From the listing that follows, reproduce only the lines from the one holding "Pearl Harbor, Hawaii, USA" through the one holding "Orthodontics + resin", both included, with no pictures.

*SOURCE DATA*
● ● ●

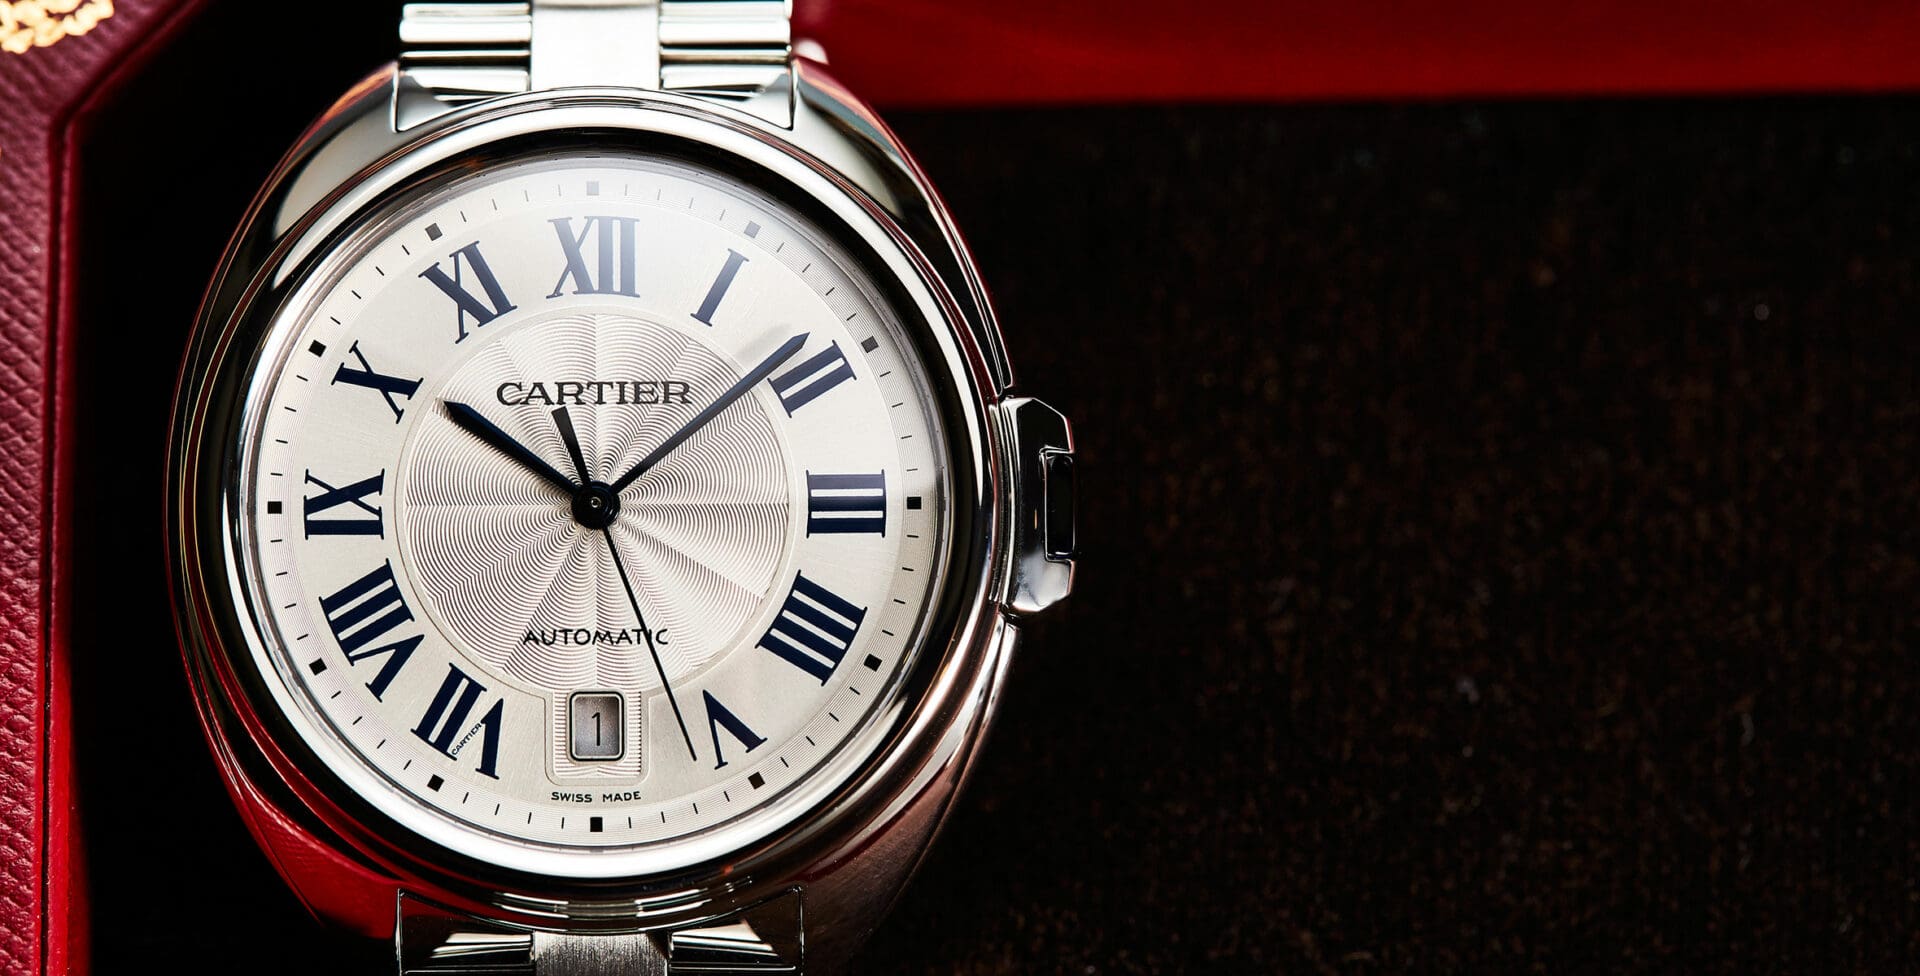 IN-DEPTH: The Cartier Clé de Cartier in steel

● ● ●

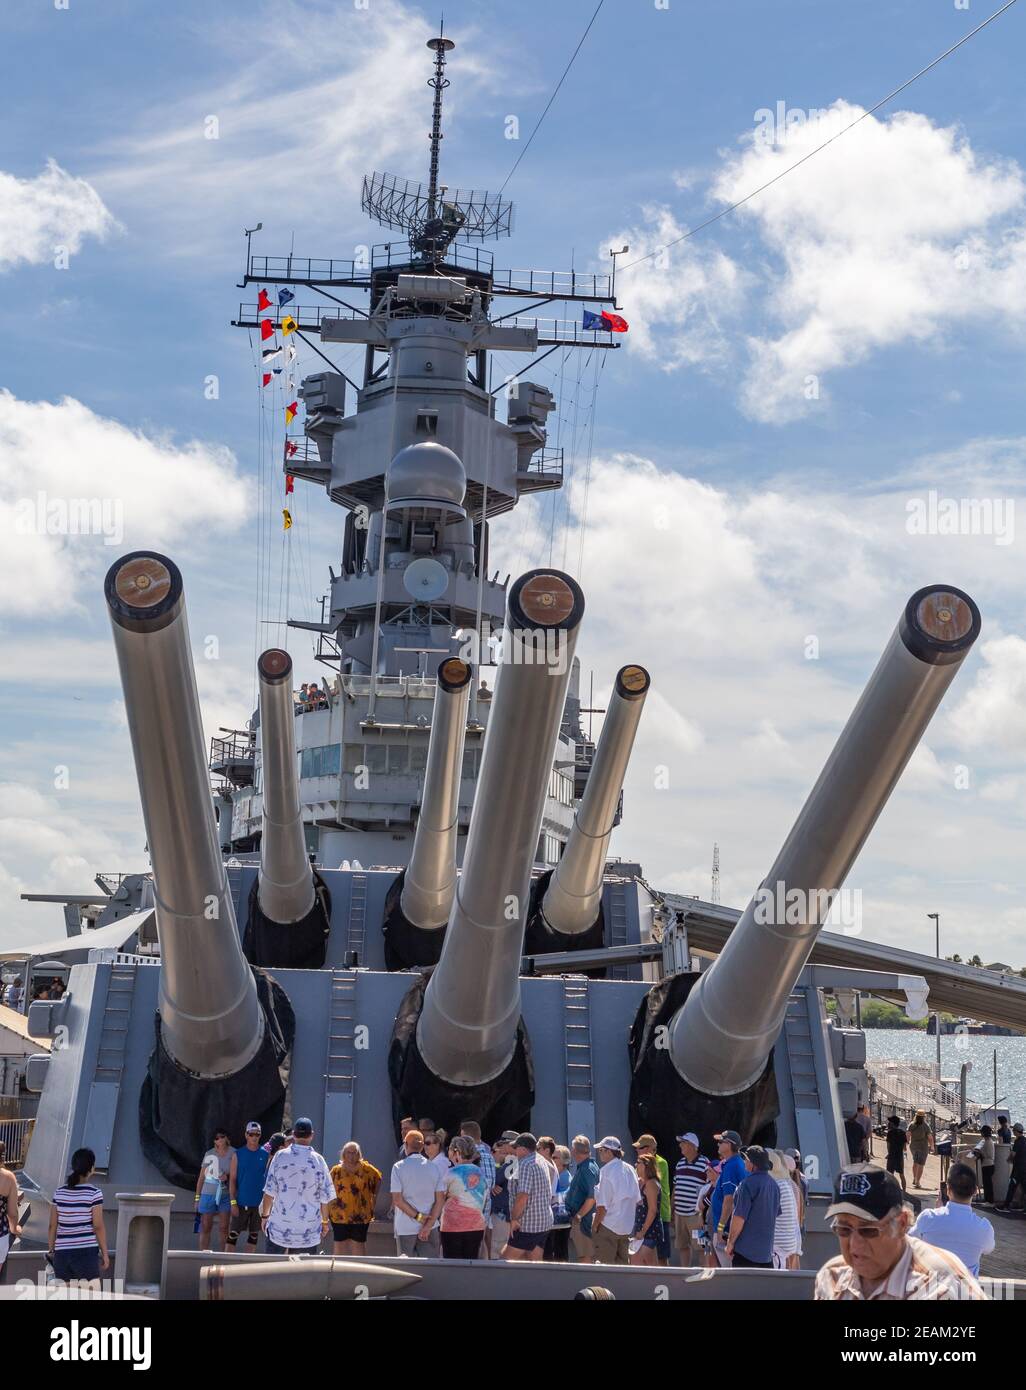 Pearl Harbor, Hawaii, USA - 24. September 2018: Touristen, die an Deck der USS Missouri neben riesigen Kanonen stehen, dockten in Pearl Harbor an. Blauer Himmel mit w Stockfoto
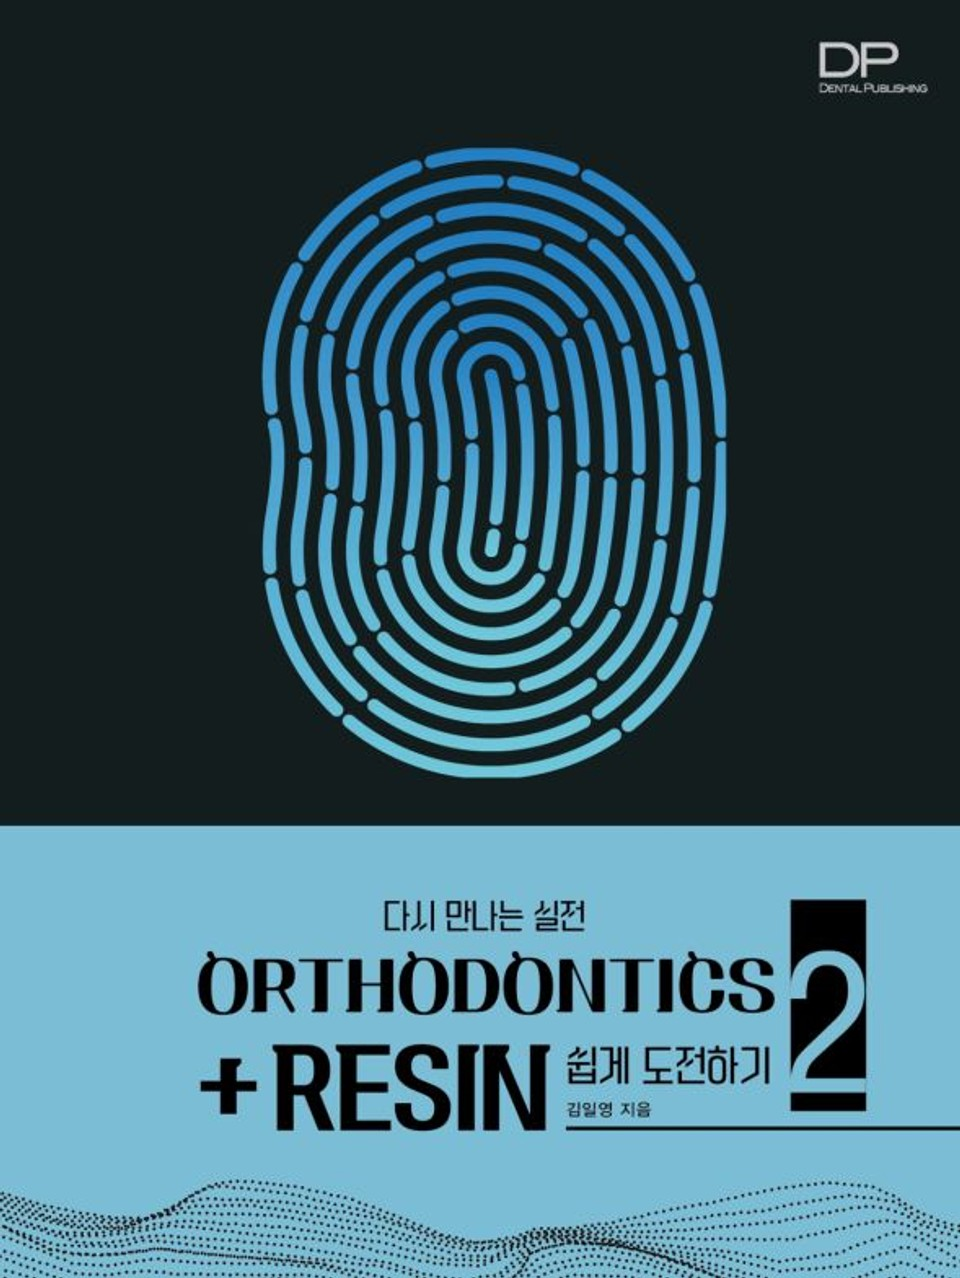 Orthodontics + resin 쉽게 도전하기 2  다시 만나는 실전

● ● ●

*RESULT OF THE TASK*
 Pearl Harbor, Hawaii, USA - 24. September 2018: Touristen, die an Deck der USS Missouri neben riesigen Kanonen stehen, dockten in Pearl Harbor an. Blauer Himmel mit w Stockfoto
 Orthodontics + resin 쉽게 도전하기 2  다시 만나는 실전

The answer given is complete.